Low Back Pain: Where Is My Pain Coming From?

Low back pain can emanate from many anatomical locations (as well as a combination of locations), which always makes it interesting when a patient asks, “…doc, where in my back is my pain coming from?” In context of an office visit, we take an accurate history and perform our physical exam to try to reproduce symptoms to give us clues as to what tissue(s) may be the primary pain generators. In spite of our strong intent to be accurate, did you know, regardless of the doctor type, there is only about a 45% accuracy rate when making a low back pain diagnosis? This is partially because there are many tissues that can be damaged or injured that are innervated by the same nerve fibers and hence, clinically they look very similar to each other. In order to improve this rather sad statistic, in 1995 the Quebec Task Force published research reporting that accuracy could be improved to over 90% if we utilize a classification approach where low back conditions are divided into 1 of 3 broad categories:

1. Red flags – These include dangerous conditions such as cancer, infection, fracture, cauda equina syndrome (which is a severe neurological condition where bowel and bladder function is impaired). These conditions generally require emergency care due to the life threatening and/or surgical potential.

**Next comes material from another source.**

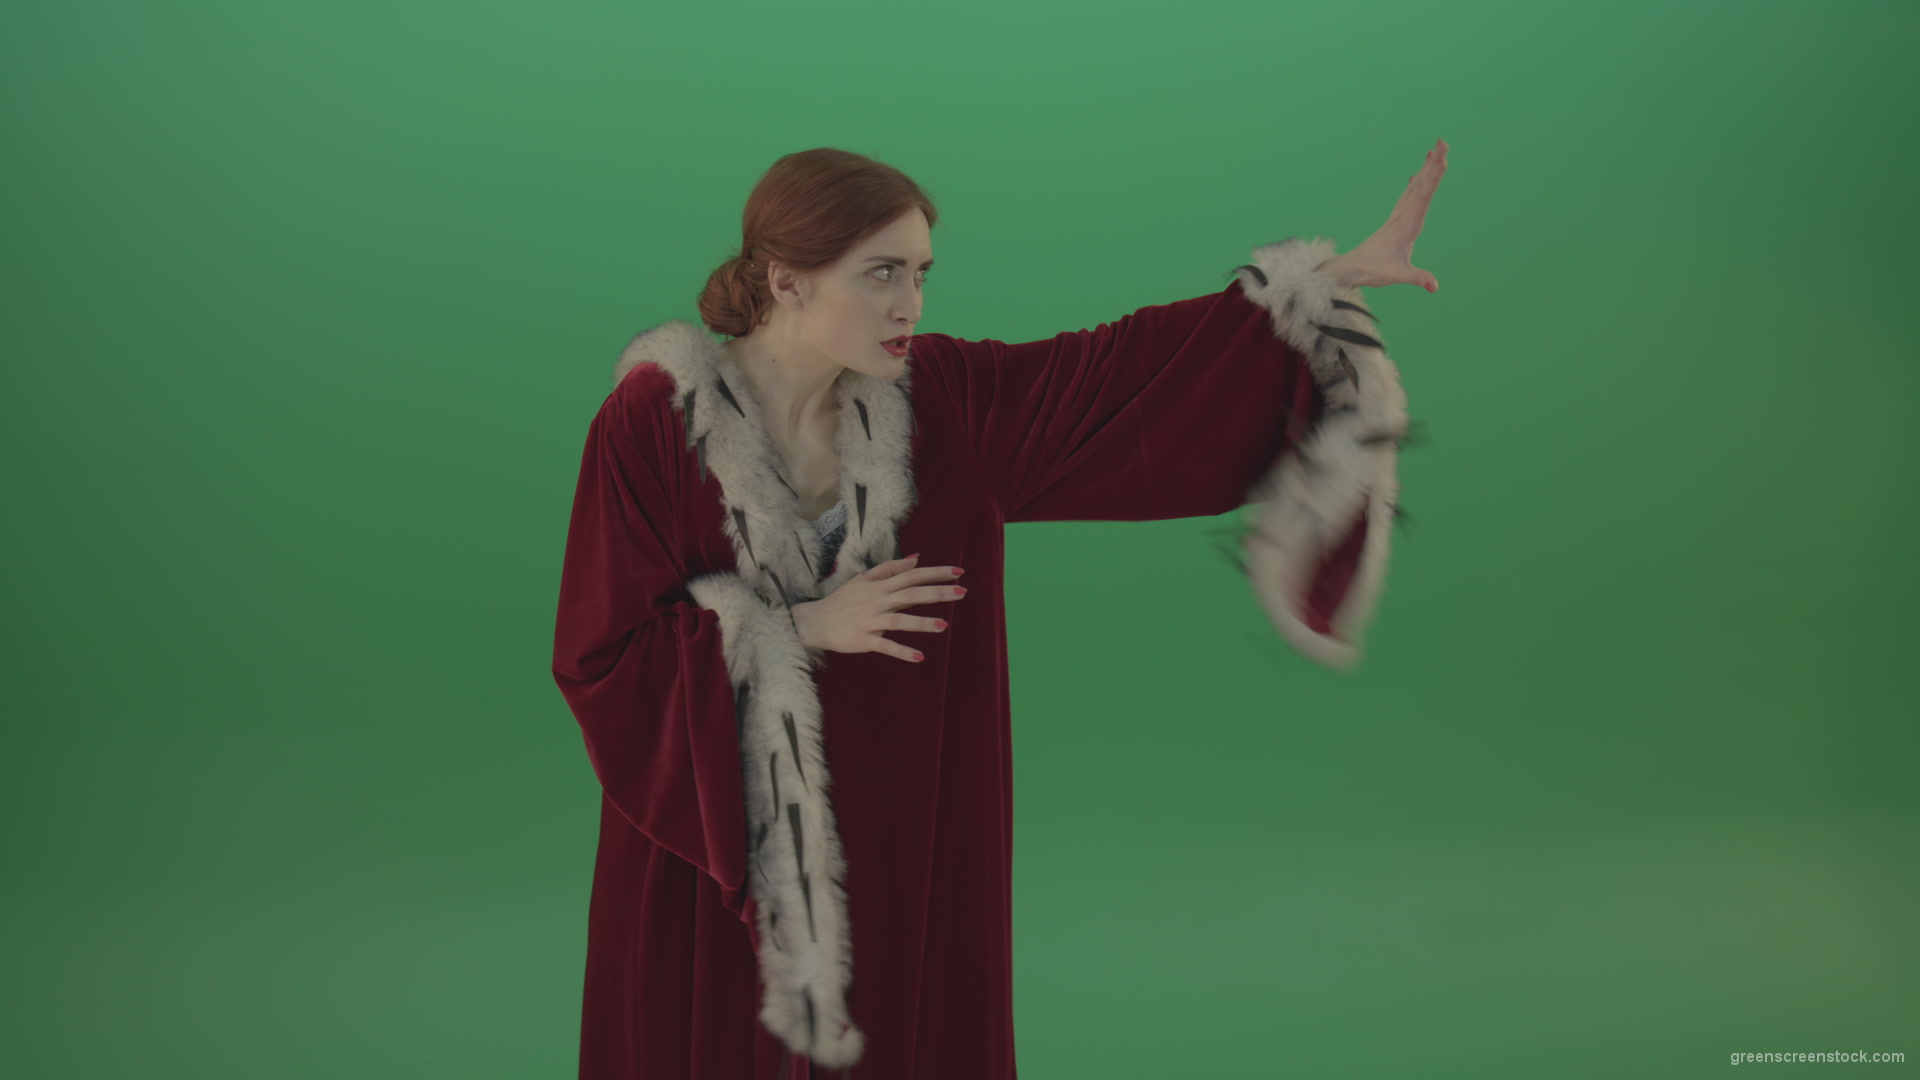 Girl-is-dressed-in-a-red-cloak-shoots-proton-lasers-_002 Green Screen Stock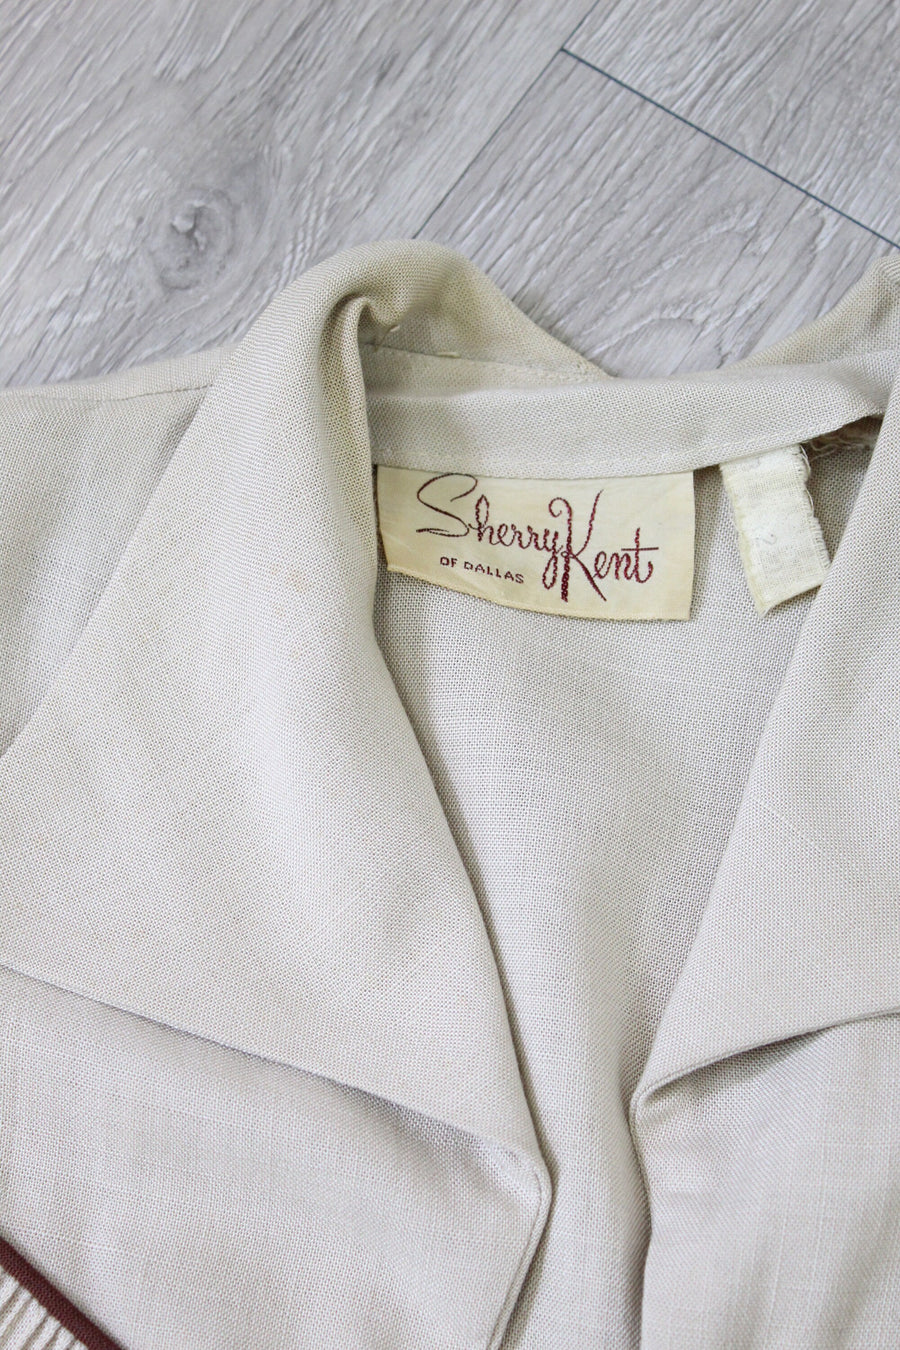 1940s SUMMER SUIT jacket and skirt small | new spring

2. Mechanical back pain – These diagnoses include facet syndromes, ligament and joint capsule sprains, muscle strains, degenerative joint disease (also called osteoarthritis), and spondylolisthesis.

3. Nerve Root compression – These conditions include pinching of the nerve roots, most frequently from herniated disks. This category can include spinal stenosis (SS) or, combinations of both, but if severe enough where the spinal cord is compromised (more commonly in the neck), SS might then be placed in the 1st of the 3 categories described above.

The most common category is mechanical back pain of which “facet syndrome” is the most common condition. This is the classic patient who over did it (“The Weekend Warrior”) and can hardly get out of bed the next day. These conditions can include tearing or stretching of the capsule surrounding the facet joint due to performing too many bending, lifting, or twisting related activities. The back pain is usually localized to the area of injury but can radiate down into the buttocks or back of the thigh and can be mild to very severe. 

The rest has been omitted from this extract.